Ну хватит об этом. Мы свернули на проселочную дорогу, и вскоре произошла первая за этот день встреча. Какой-то человек вел по дороге двух лошадей; лошади были гнедые, откормленные, очевидно породистые. Это были немецкие лошади, но на человеке был мундир, какого я никогда не видела; как только мы поравнялись с ним, он посмотрел на нас, потом поздоровался, а так как мы шли в ту же сторону, то он присоединился к нам, и мы долго шли вместе, разговаривая; говорил он по-итальянски очень плохо. Он был молодей, лет двадцати пяти, необыкновенно красивый и изящный — высокий, с широкими плечами, с тонкой, как у женщины, талией; на длинных ногах у него были надеты желтые сапоги. Волосы отливались золотом, глаза были зеленовато-синего цвета, вытянутые в длину, миндалевидные, странные и мечтательные, нос прямой, большой и тонкий, губы красные, красиво очерченные, а когда он улыбался, то показывал два ряда очень красивых белых и ровных зубов, смотреть на которые было просто одно удовольствие. Он сказал нам, что он не немец, а русский, из очень далекой деревни; он назвал нам ее, но я забыла. Совершенно спокойно он рассказал нам, что изменил русским и перешел на сторону немцев, потому что ему не нравились русские, хотя немцев он тоже не любил. Еще он нам рассказал, что вместе с другими русскими, тоже изменниками, должен прислуживать немцам; он был уверен, что немцы проиграют войну, потому что своими зверствами они восстановили против себя весь мир. Через несколько месяцев, не больше, немцы окончательно будут разбиты, и тогда для него все будет кончено, — несколько тут он сделал жест рукой, показывая, что русские перережут ему горло. Он говорил это так спокойно, как будто собственная судьба совершенно не интересовала его, он даже улыбался при этом, и не только губами, но и этими своими странными глазами, похожими на море, такое глубокое. Было видно, что он ненавидит немцев, ненавидит русских, ненавидит даже самого себя и равнодушно относится к смерти. Он шел по дороге, спокойно ведя под уздцы лошадей, это были единственные живые существа на пустынной дороге среди серых и морозных полей, и казалось невозможным, что этот человек, такой красивый, был уже, так сказать, осужден и должен был умереть совсем скоро, может, раньше конца этого года. Прощаясь с нами на развилке дороги, он сказал нам, лаская гриву одного из своих коней:

— У меня только и осталось в жизни, что эти две лошади, да и то они не мои.

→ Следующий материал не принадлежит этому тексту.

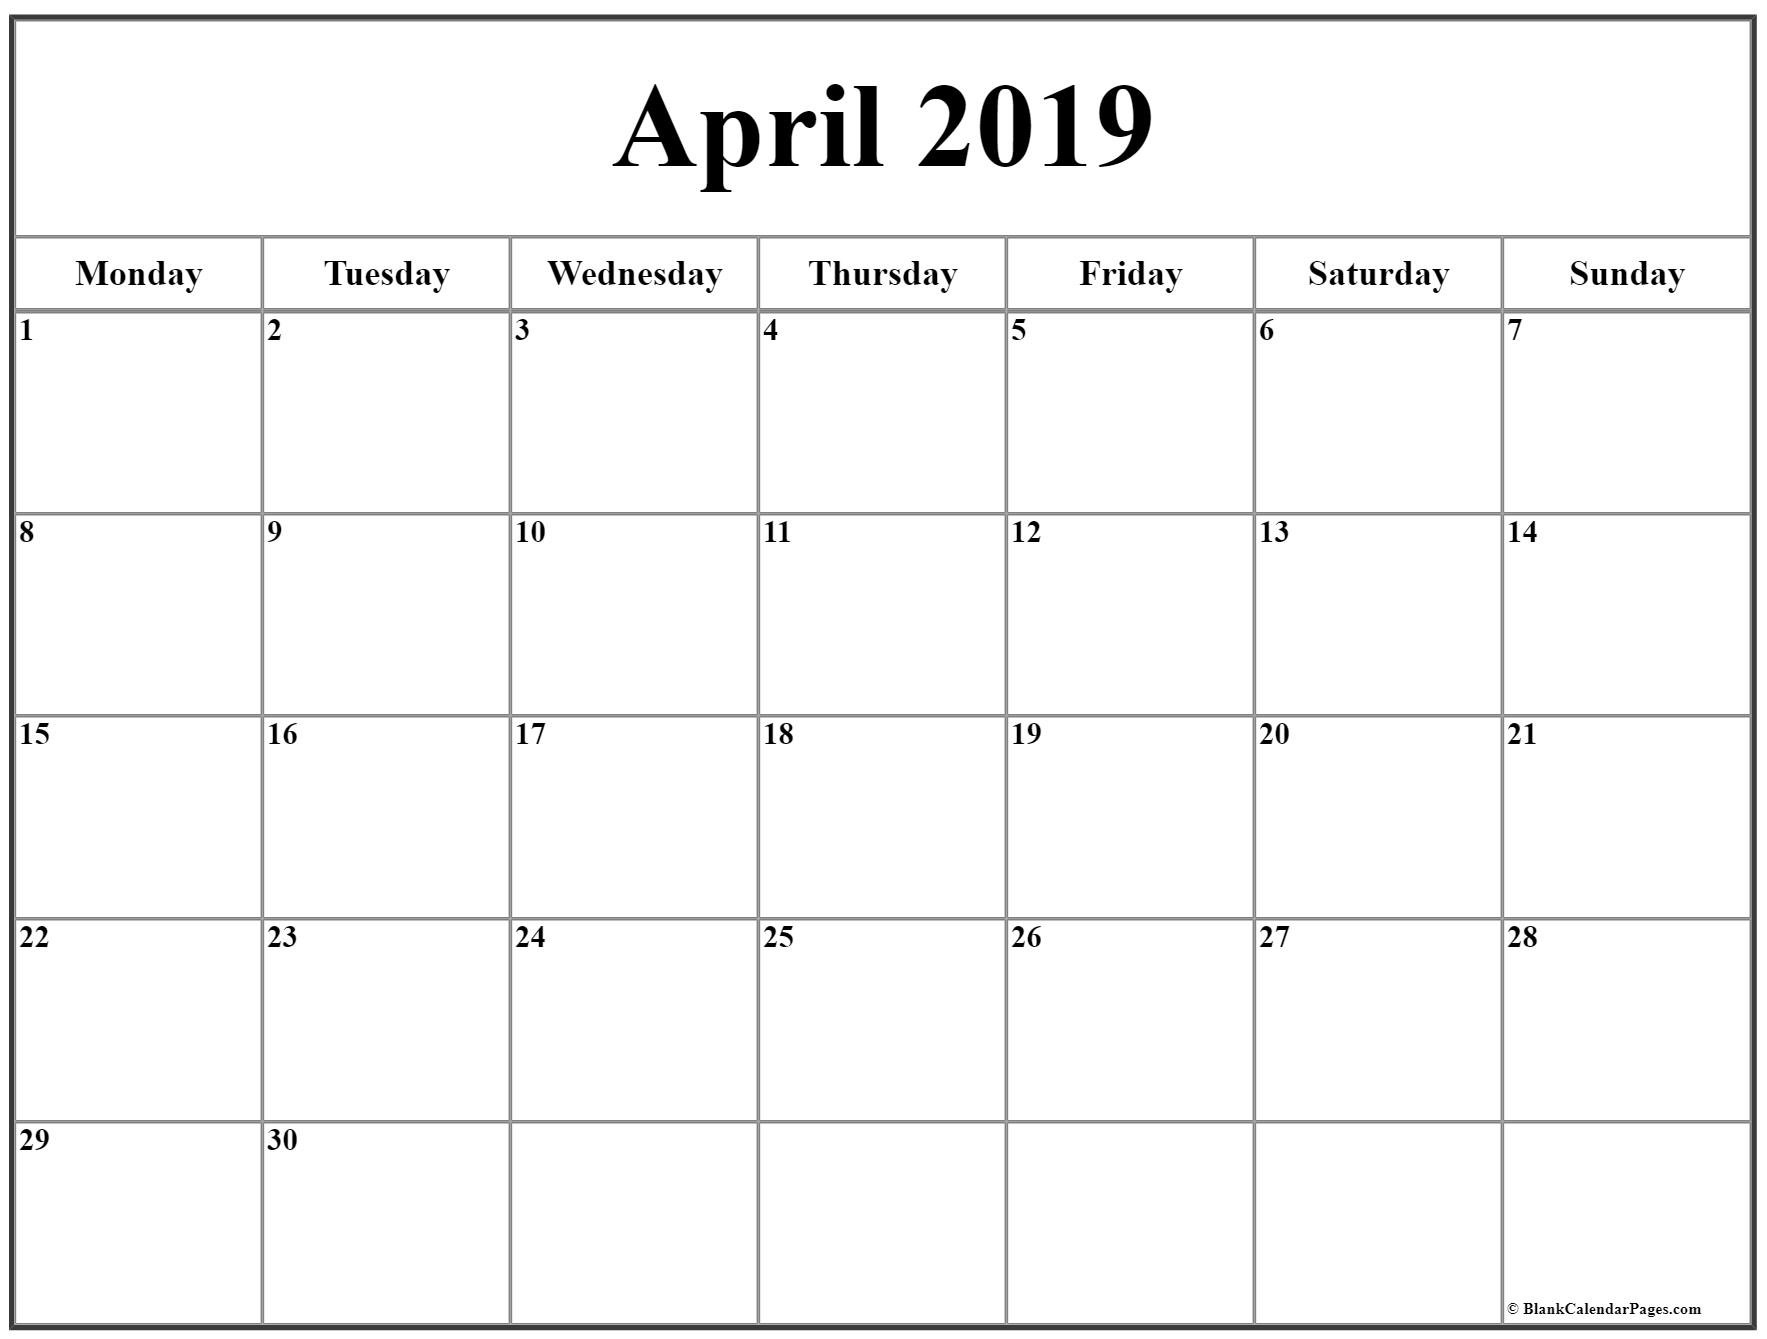 April 2019 Monday Calendar | Monday To Sunday Saturday Thur Friday Schedule

Сказав это, он ушел по направлению к городу. Не-сколько секунд мы смотрели ему вслед, и я невольно подумала, что этот человек тоже был жертвой войны: если бы войны не было, он остался бы у себя на родине, наверно, женился бы, работал и стал хорошим человеком, как и многие другие. Война оторвала его от родины, заставила изменить, а теперь убивала его, и он уже примирился с мыслью о смерти, и это было ужаснее всего, потому что это противоестественно и непонятно.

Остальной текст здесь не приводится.